## PROBLEM DETAILS
Transcribe the data underneath exactly. No images belong in your version.

___ DATA PROVIDED

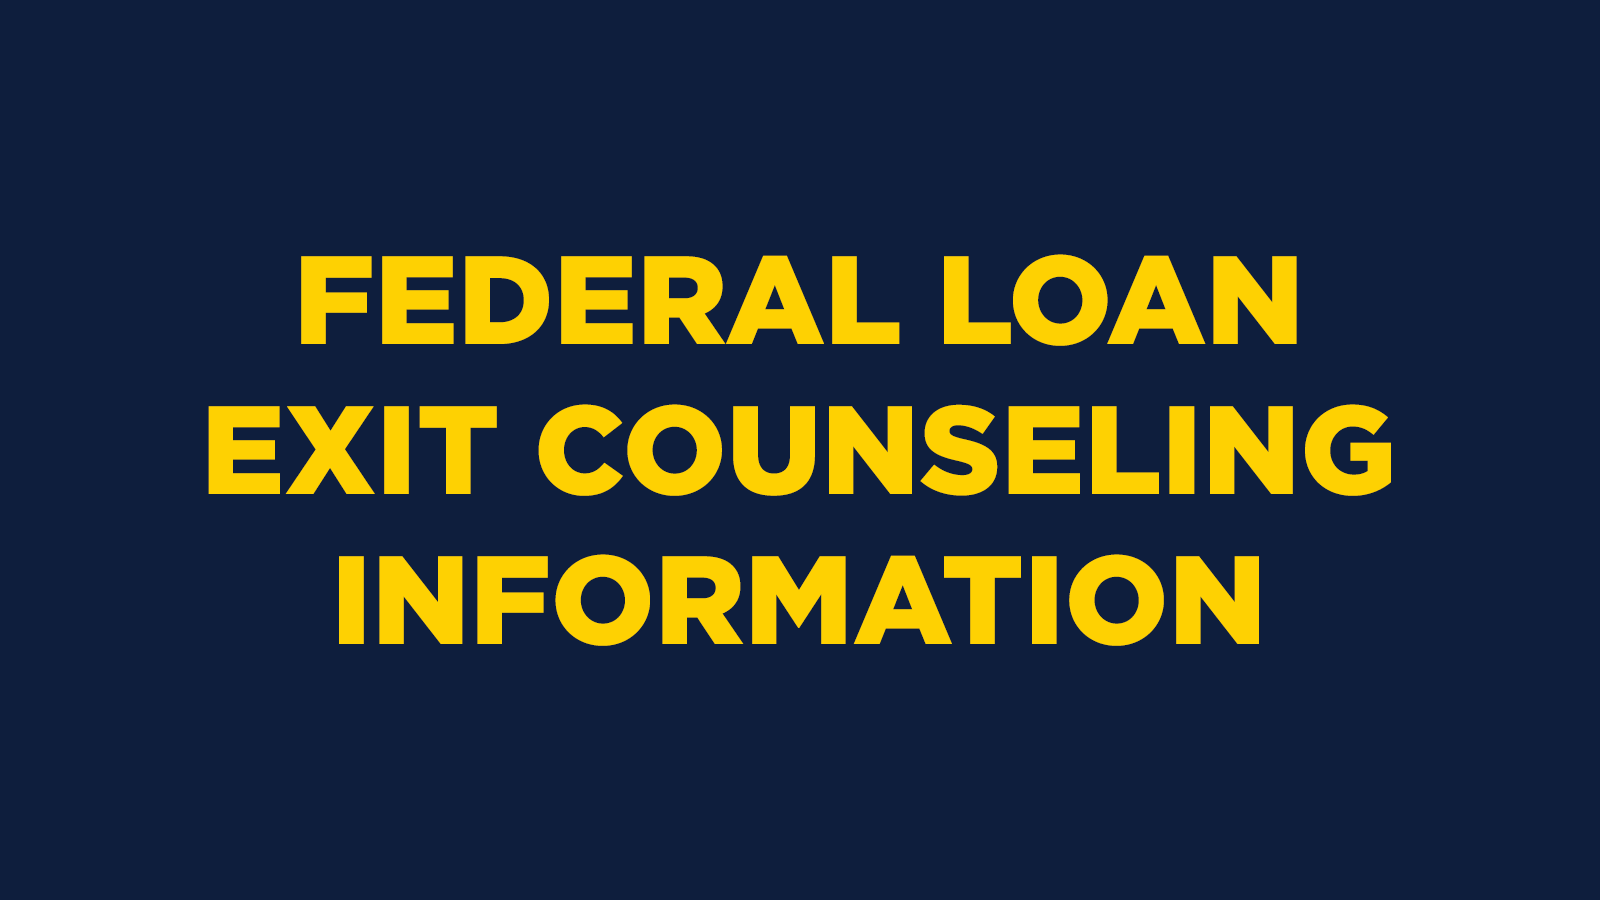 Federal Loan Exit Counseling Information
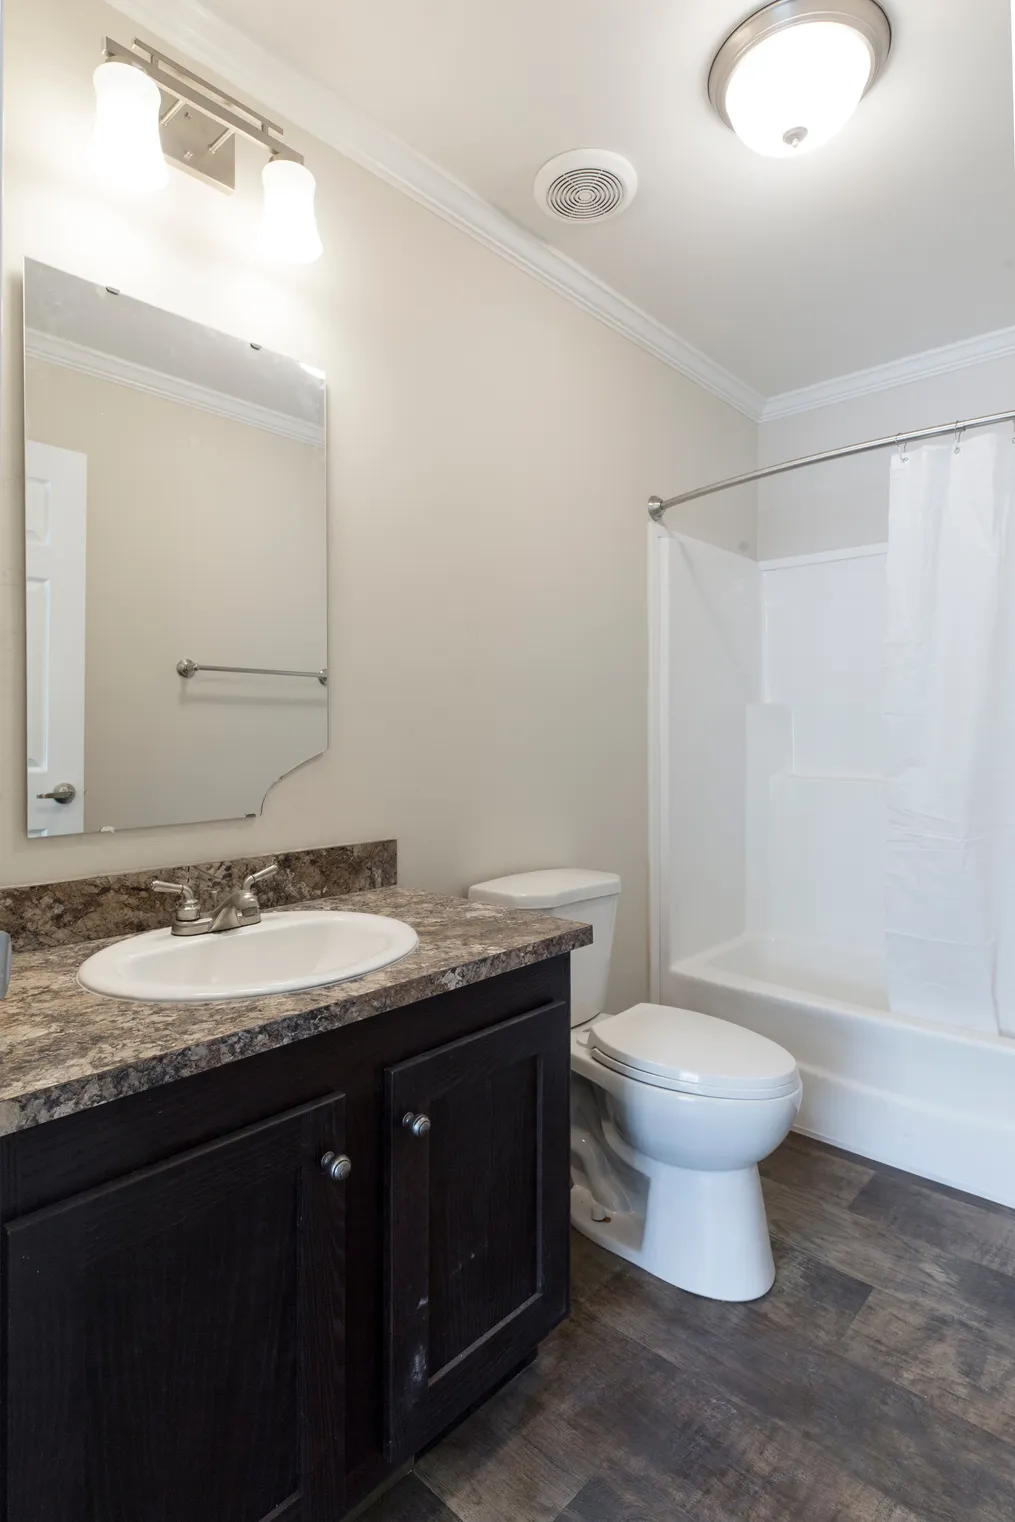 The 2089 52X28 3+2 HERITAGE Guest Bathroom. This Manufactured Mobile Home features 3 bedrooms and 2 baths.
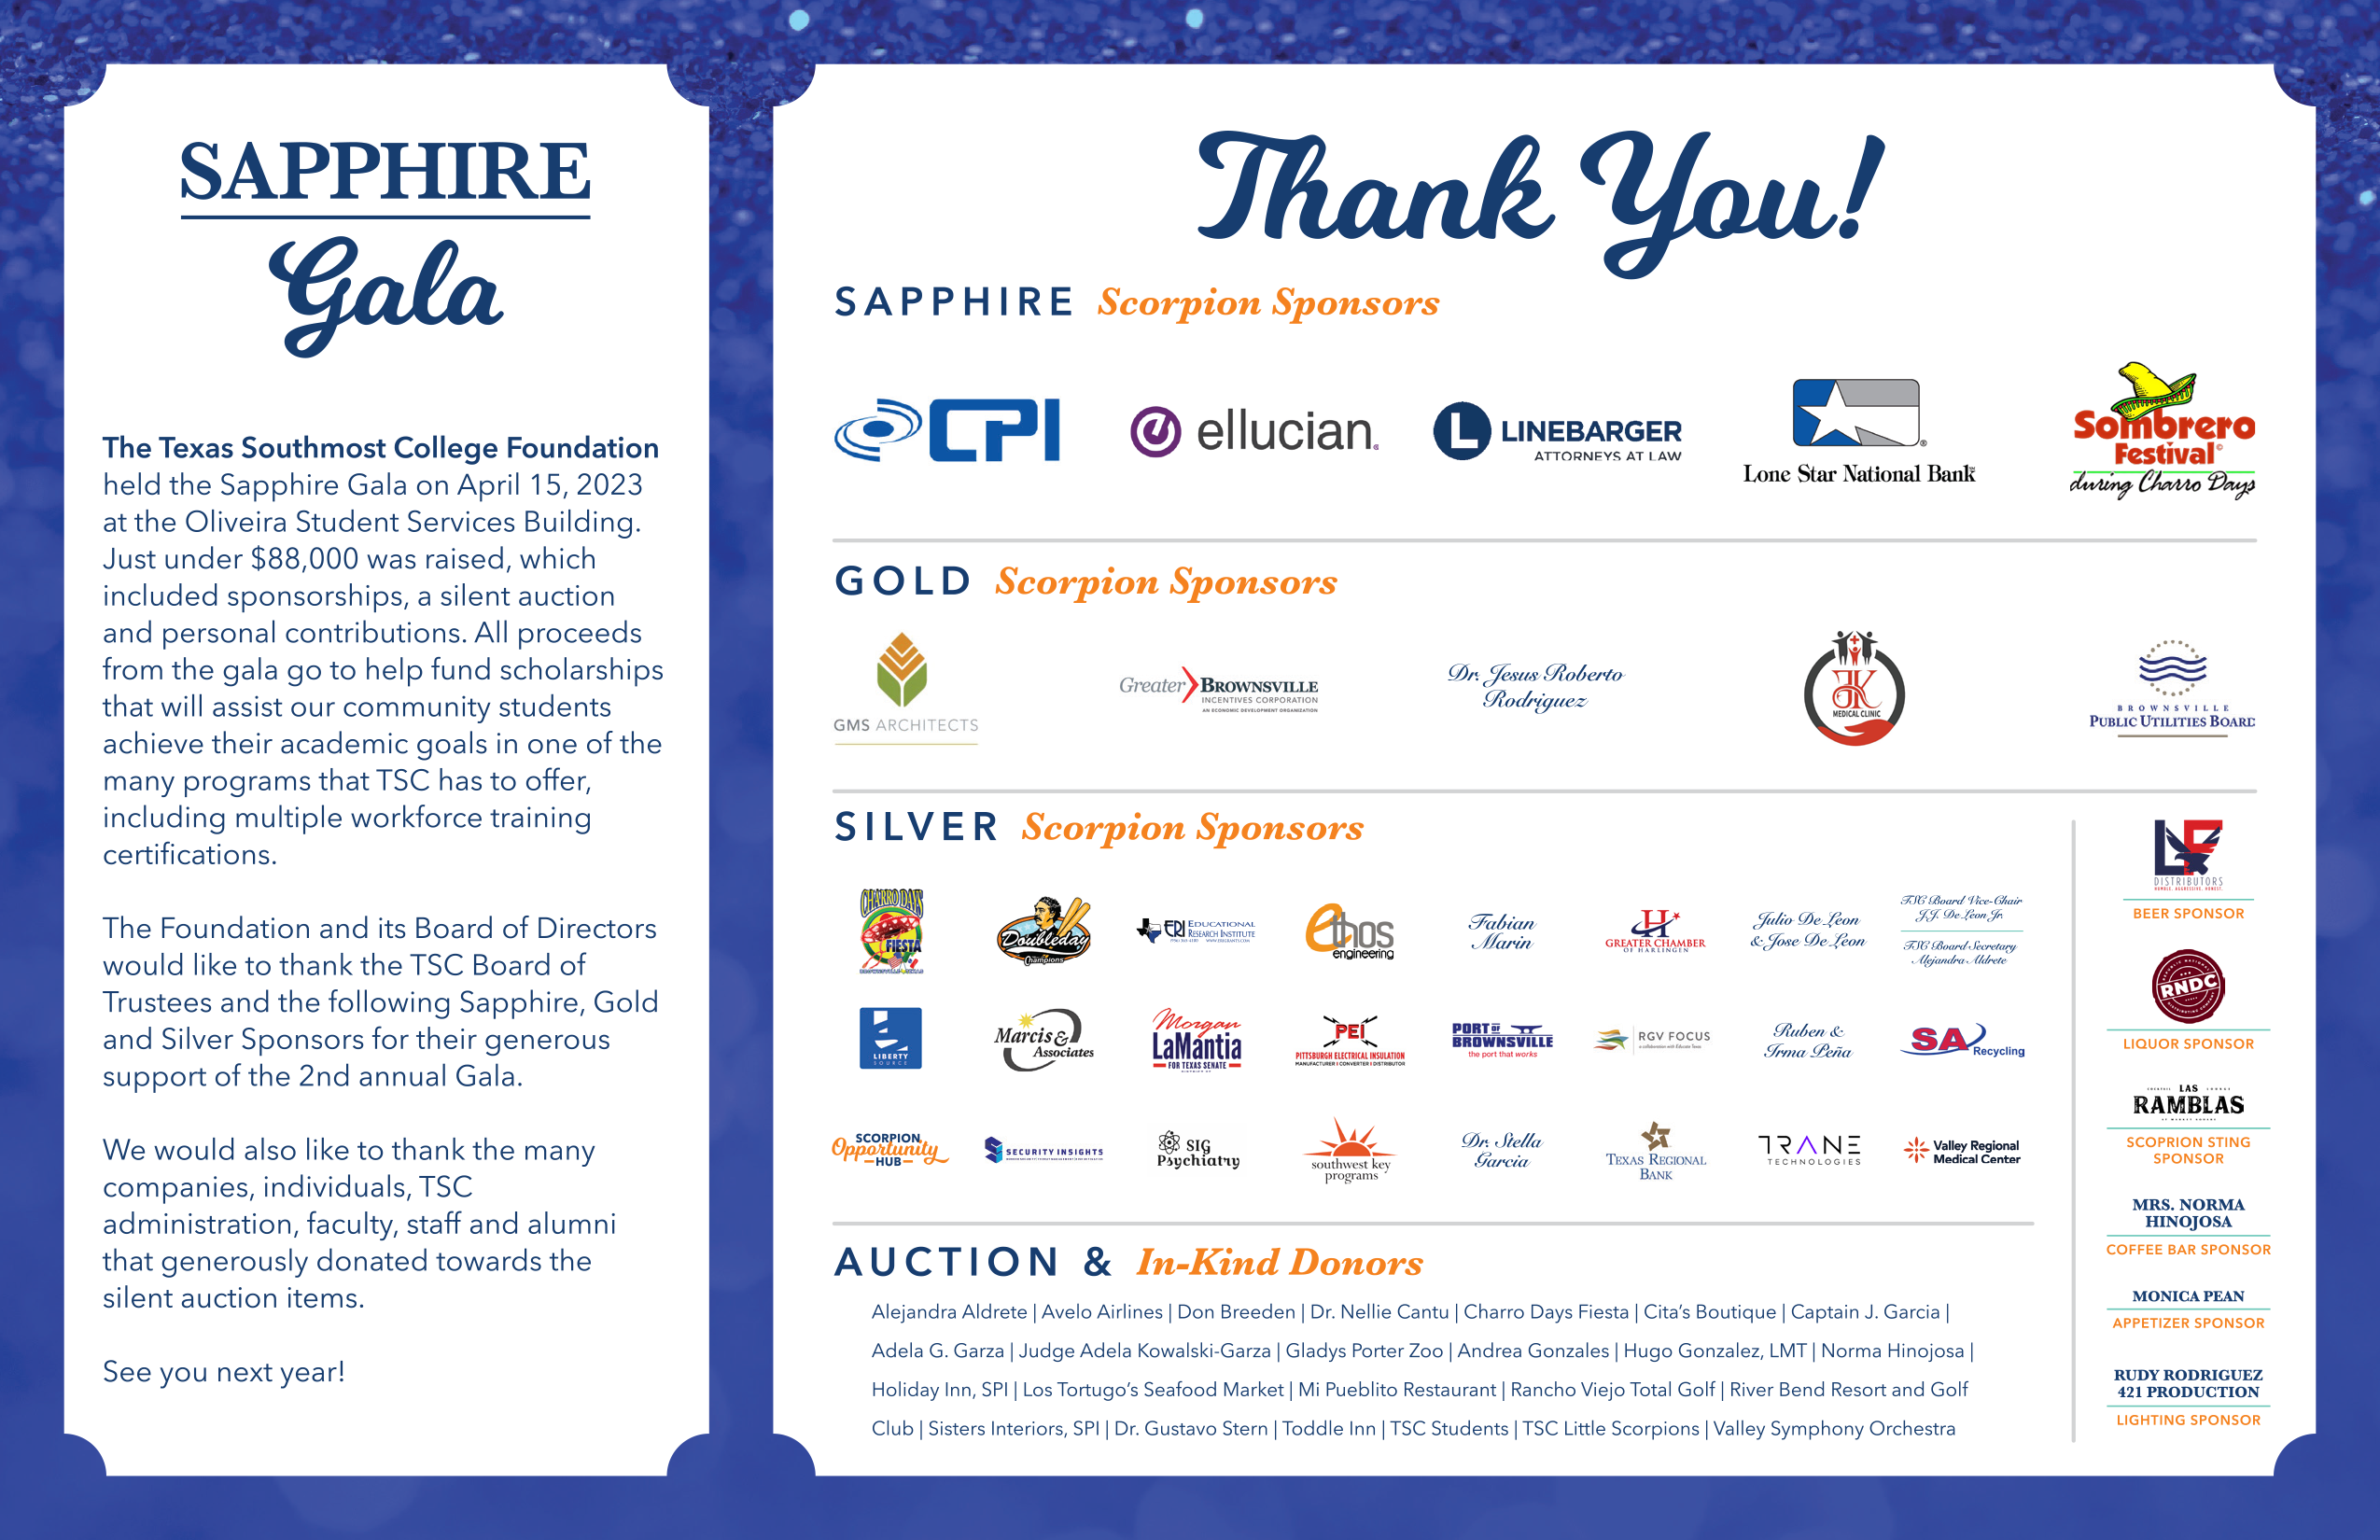 Thank You Sapphire Gala Sponsors for supporting Texas Southmost College Students.

______

## RESPONSE FOR THIS EXERCISE
 Federal Loan Exit Counseling Information
 The 2089 52X28 3+2 HERITAGE Guest Bathroom. This Manufactured Mobile Home features 3 bedrooms and 2 baths.
 Thank You Sapphire Gala Sponsors for supporting Texas Southmost College Students.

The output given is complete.